Il faut croire que ce vif intérêt pour l'ordre des Araignées s'avéra payant, puisque Darwin captura deux spécimens d'un genre jusqu'ici inconnu des naturalistes de son époque. La Liste des Spécimens indique deux références pour ces araignées "relativement proches des Epeires" à abdomen tâché de rouge vif (n°235 & n°243). Mais ces Araignées demeurèrent non-décrites pendant 19 ans. Jusqu'à ce que le zoologue écossais Adam White, reprenant les Notes zoologiques et le spécimen n°243 (une femelle conservé dans l'alcool), en proposa la première description scientifique. Hélas, ce fameux spécimen n°243 aurait été perdu peu de temps après les investigations de White.

« Je me penche actuellement sur des araignées rouge-vives, elles sont très intéressantes, et si je ne me trompe, j'ai déjà capturé de nouveaux genres » Correspondance de Darwin au Pr. Hewslow, 18 mai 1832. Le 6 mai 1832, Darwin a fini de déménager une partie de ses affaires depuis le HMS Beagle jusqu'à la petite maison qu'il occupe le long de la baie de Botafogo, lui et trois autres compagnons de voyage. Pendant ce séjour, que le capitaine FitzRoy réalise de nouvelles mesures géographiques le long des côtes brésiliennes. Darwin quant à lui vaque alors à ses occupations habituelles, et ses collections s'étoffent à mesure de ses pérégrinations.

Dans ses Notes zoologiques, il rapporte pour cette journée du 6 mai différents Invertébrés sur lesquels ses déterminations se heurtent au manque de connaissances naturalistes de son époque. Parmi ces spécimens figurent ces deux Araignées à abdomen rouge "relativement proches des Epeires" qu'il a récolté au centre de leur toile concentriques parsemées de fins filaments irréguliers. Mais plus que les motifs de leurs chélicères et la disposition de leurs yeux, Darwin est frappé par la vive couleur rouge rubis des tâches de leur abdomen. A tel point qu'il en fit part à son mentor Henslow dans sa correspondance.

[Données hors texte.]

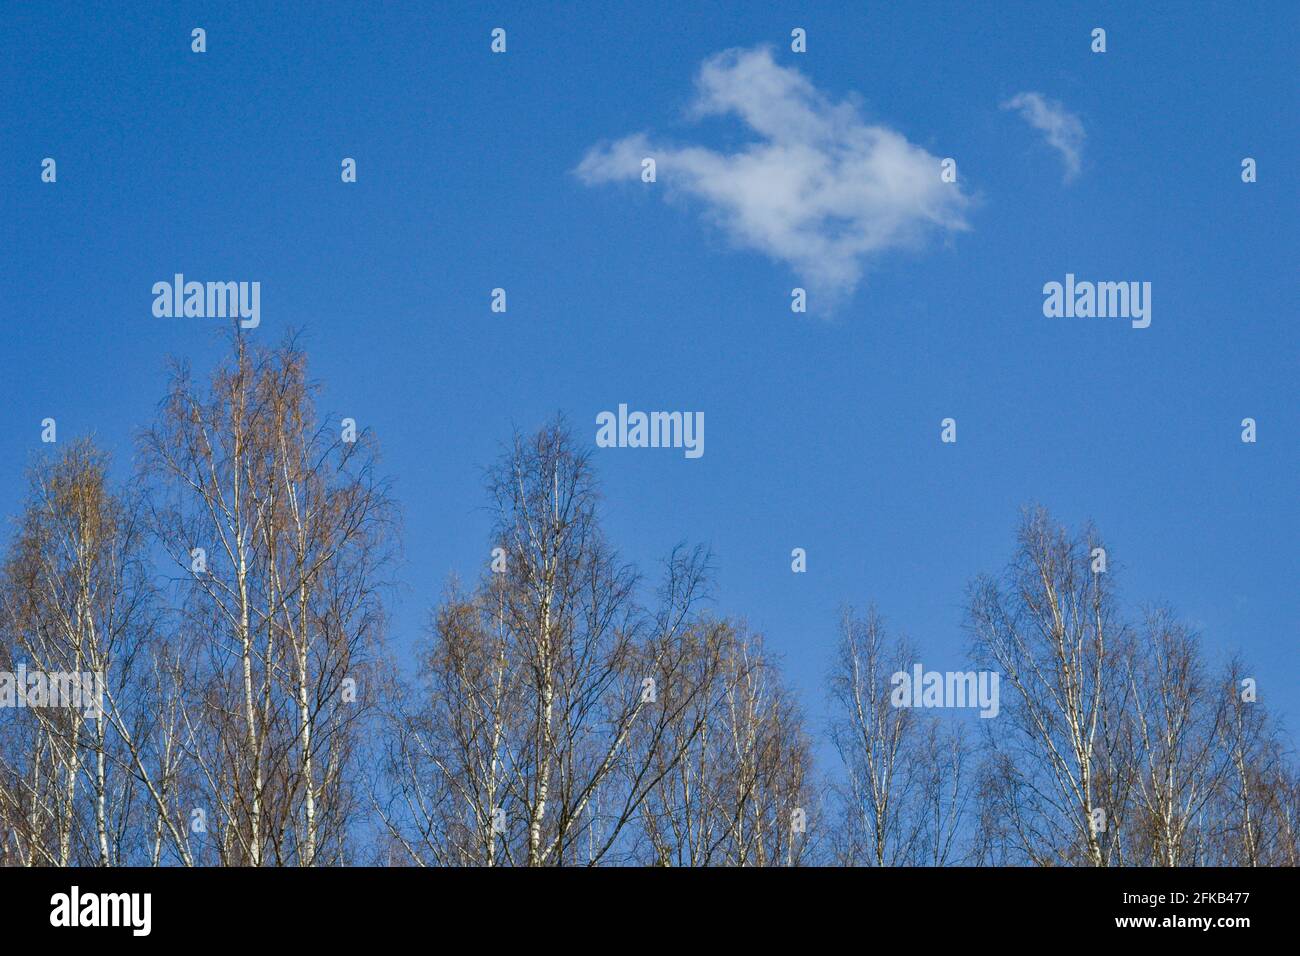 Cielo blu con una nuvola bianca sopra gli alberi di betulla. Fotografia estiva Foto Stock

Darwin proposa alors le nom de genre Leucauge sp. pour décrire ces nouvelles araignée. Mais il ne publia pas de commentaires sur sa découverte. Adam White pour sa part nomma en 1841 dans son article "Descriptions of new or little known Arachnida" l'araignée n°243 du nom scientifique de Linyphia (Leucauge) argyrobapta, considérant que le taxon Leucauge de Darwin était tout au plus un sous-genre. Pour autant, White proposa de décrire l'espèce à l'aide des propres notes de Darwin. Une preuve supplémentaire de la qualité professionnelle du travail du jeune Charles durant son voyage naturaliste.

Depuis cette époque, la classification de ces araignées "relativement proches des Epeires" a quelque peu évoluée. En 1842, le baron Charles-Athanase Walckenaer décrivit l'espèce américaine Leucauge venusta. Deux siècles plus tard en 2010, Dimitrov & Homiga conclurent que L. argyrobapta n'était autre qu'un synonyme de L. venusta (alors espèce-type). Sept ans plus tard, Chávez prouva dans sa thèse de Master que les deux espèces étaient bien génétiquement distinctes : L. venusta en Amérique du Nord jusqu'en Colombie, et L. argyrobapta pour l'Amérique du Sud. En hommage à Darwin, ses chères araignées à abdomen rouge rubis furen rebaptisées Leucauge argyrobapta !



Femelle de Leucauge argyrobapta (White, 1841). (Araignée retirée de sa toile pour la photographie). Photo par Donald W. Hall, University of Florida.


Bibliographie :

Chávez, J.A.B. (2017). Species delimitation of the Orchard-spider Leucague venusta (Araneae, Tetragnathidae), the Phylogeny of Leucague and identification of Orthologus Genes from transcriptomes. https://scholarspace.library.gwu.edu/downloads/hm50tr77k

Dimitrov, D. and Hormiga, G. 2010. Mr. Darwin’s mysterious spider: on the type species of the genus Leucauge White 1841 (Tetragnathidae, Araneae). Zootaxa, 36:19–36.

White, Adam. 1841. Descriptions of new or little known Arachnida. Annals and Magazine of Natural History 7: 471–7.